Good Bye Block Island...Another Storm??
08 September 2009 | Cape May New Jersey
Bob/ windy,cloudy, pending Noreaster
I loaded some pictures of Block Island but unfortunately my small digital camera just doesn't have the horsepower to convey the whole story. In one of the shots I tried to capture the dinghy dock crampacked with little gray inflatable dinghys; so tightly packed that boats were three deep from the dock and boaters had to climb from theirs over several others all-the-while trying to maintain a sense of dignity and control. These little boats are not that easy to get in and out and for a people watcher like me it was a hoot observing the various climbing styles. One of the manufacturers might want to use a shot like that as a promotion for these wonderfull little boats. Ours is nine feet with a hard fiberglass bottom. We have a 15 horsepower outboard and man does that little fellow fly. Many cruisers have inflatables with much smaller outboards and they go by putt-putting along and we go by in a flash. Kinda brings out the kid in me, good fun and incredibly useful for exploring or getting back home quickly.

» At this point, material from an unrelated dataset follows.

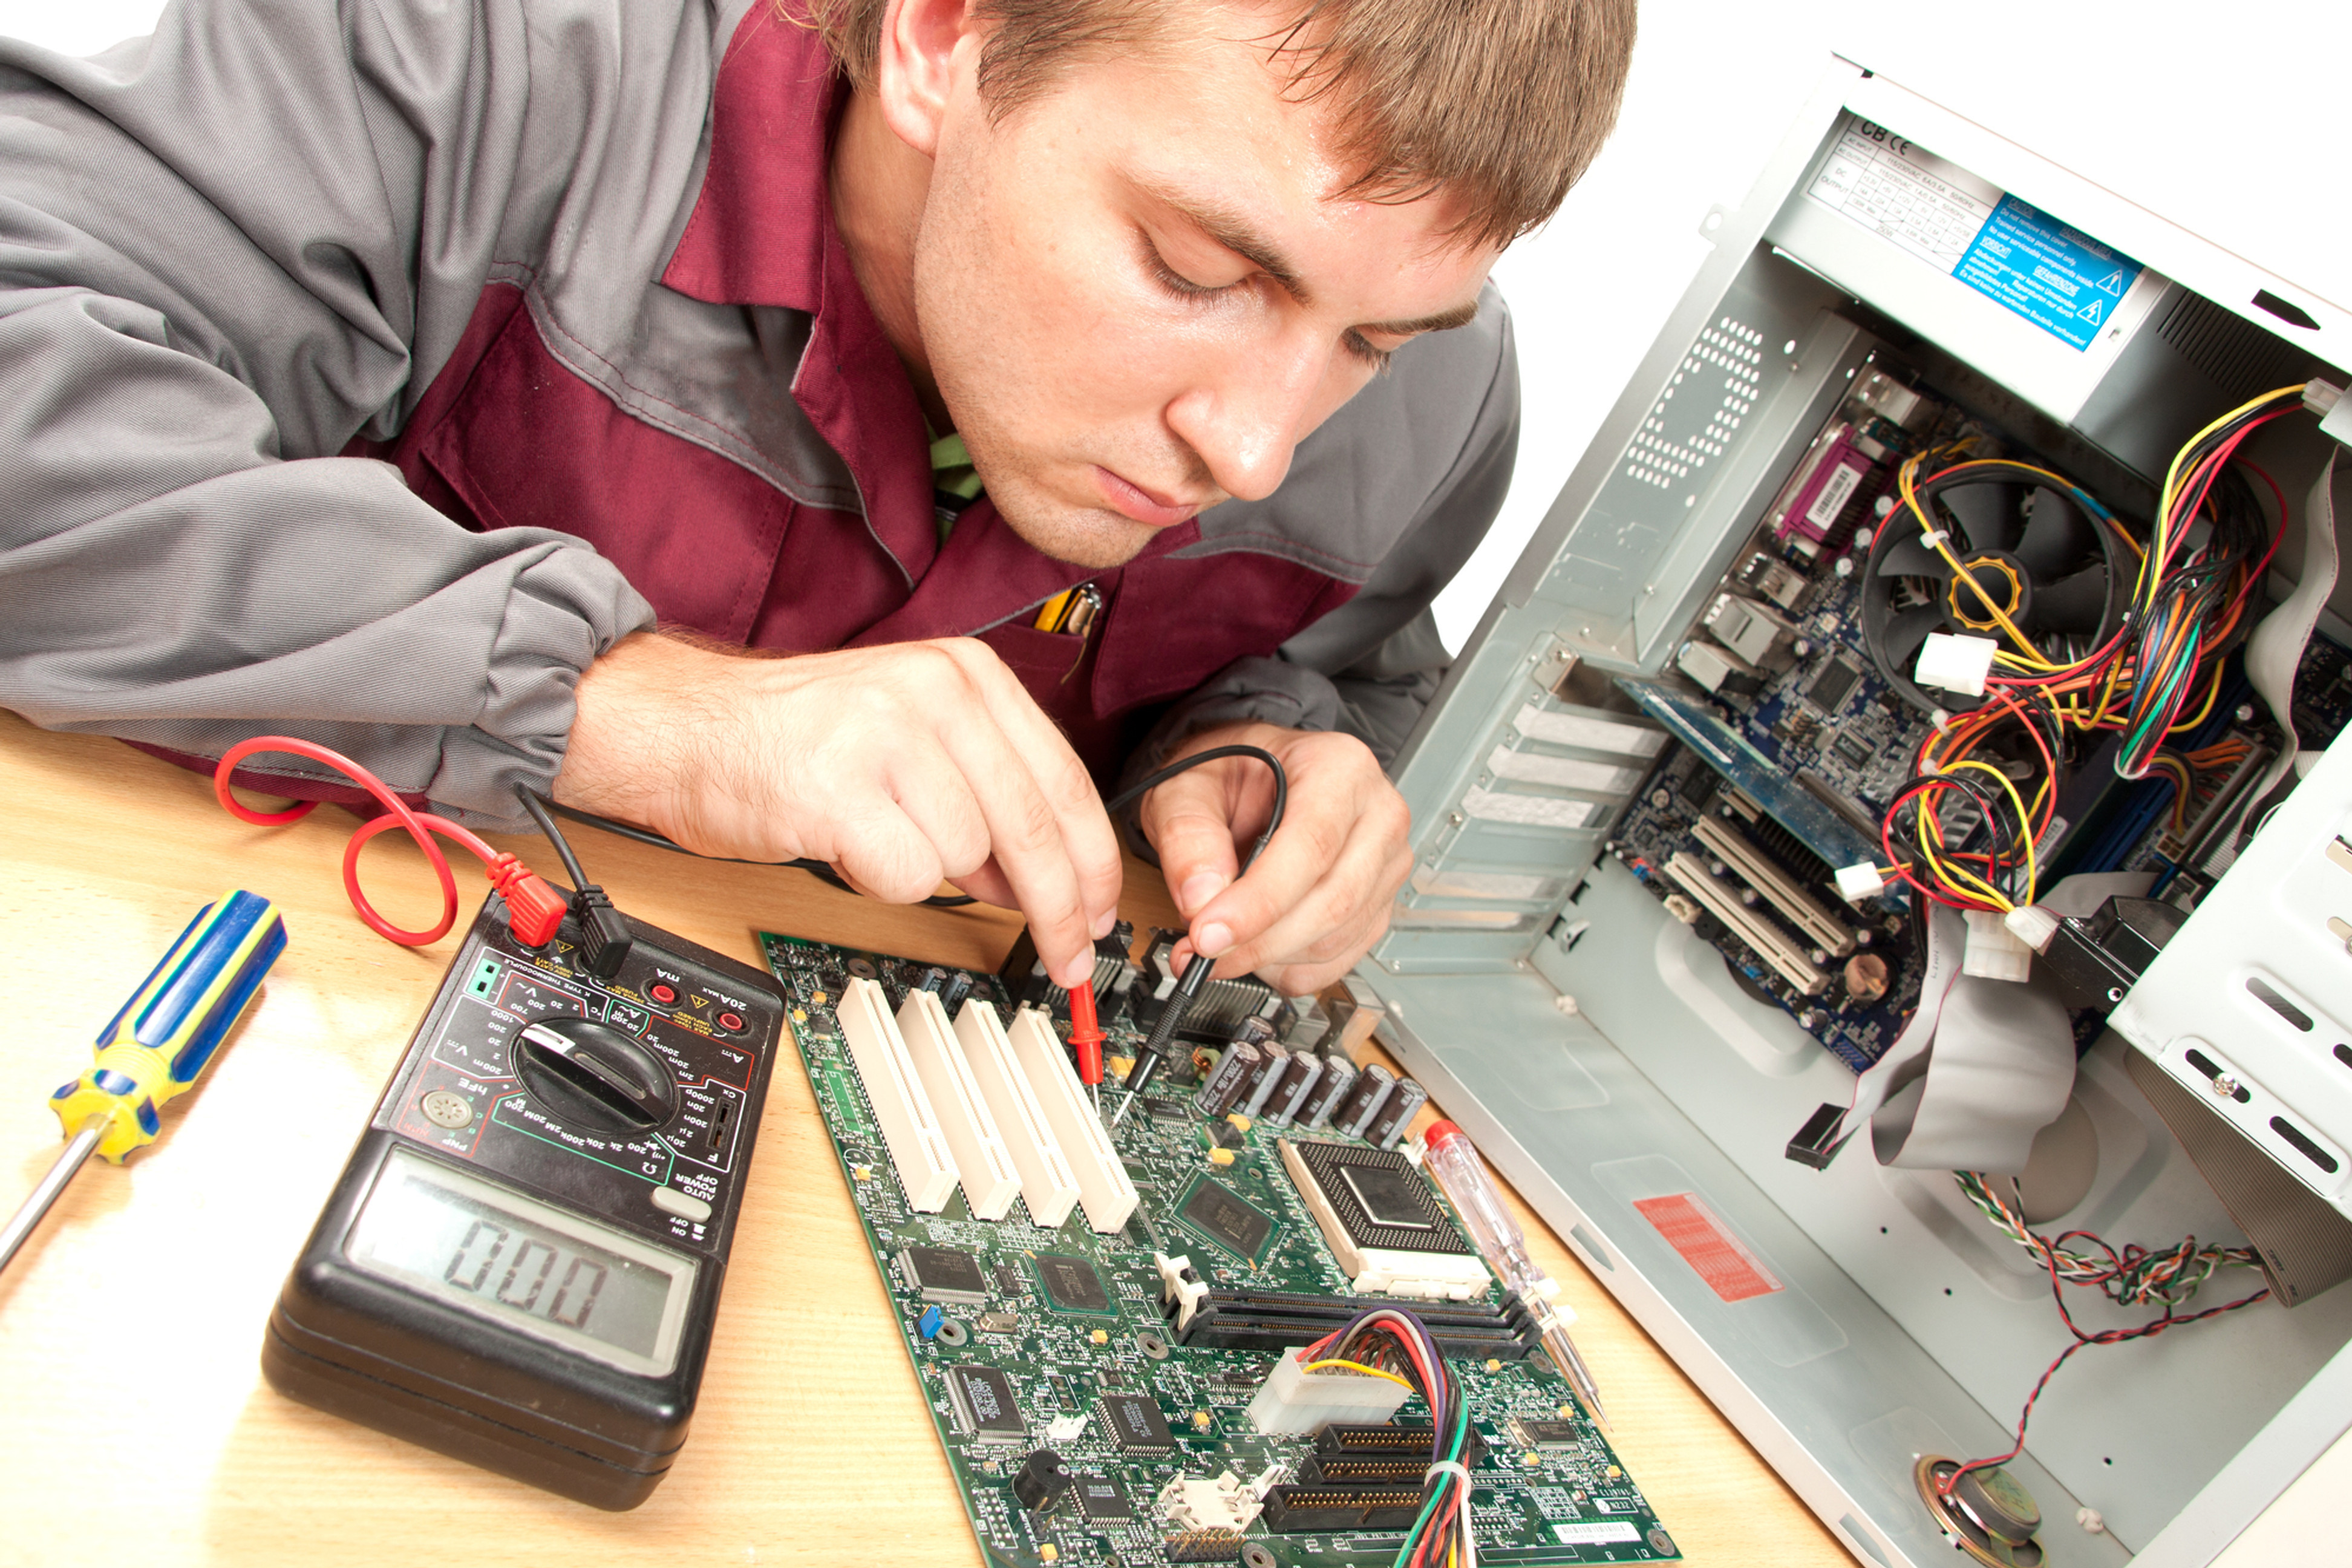 Diagnostics / repairs call-out

I had checked the GRIB charts and could see another storm brewing in the central US heading for the east coast. It was looking like a classic three day noreaster and the wind charts looked ominous. So here we were once again wanting to do another long passage with the prospects of a significant wind producer waiting for us at the end. It adds stress knowing you need to make the passage and you have to get there before the storm. We did our homework, checking currents, wind direction and made our plans to get up Monday at 05:30 and leave Block Island for a straight shot to Cape May some 205 miles at 240 degrees. The forecast was for NE winds increasing to 15 - 20 with gusts to 25 by Tuesday afternoon or evening and then to 30 overnight. So the window was Monday morning to Tuesday afternoon.
The course of 240 degrees took us across three different traffic lanes for New York. Once again our AIS unit was extremely helpful in a potential crossing situation with a 600 foot freighter. It was late Monday afternoon, I could see the ship on the chartplotter well before I could get a visual. I plotted the ships speed and course with ours and sure enough we would have a situation unless we altered course. Alice was steering and she suggested calling the ship and letting them know our plans. Great, the AIS gave us the ship's name, course and destination. I called, talked with someone on the bridge and let them know what the little sailboat off their starboard bow was about to do. They were surprised by my call and greatful that we were communicating. It worked out perfectly, they passed and we were back on course. Later that evening another crossing, this time all we could see were the oncoming lights, and sailors know that at night it is very difficult to judge distances and ship lights can be confusing. We thought the ship was proceeding on a course to cross our bow, the lights were very confusing and it was closing. I looked at the chartplotter and the AIS icon showed the ship passing behind us and with that knowledge the lights then made sense. No problemo, thank you AIS designers.
We arrived at the Cape May breakwater at noon Tuesday about three hours ahead of schedule, thank goodness. The wind was up to 15 - 20 and seas were 6 to 9 feet although it's tough to judge sea height from a 42 foot sailboat. They seemed big to me and tossed Lucky Bird around like a toy. I promised Alice a slip rather than anchoring and she is now preparing our first on-board pizza. Pizza ala Lucky Bird, pretty nice, don'tcha know!!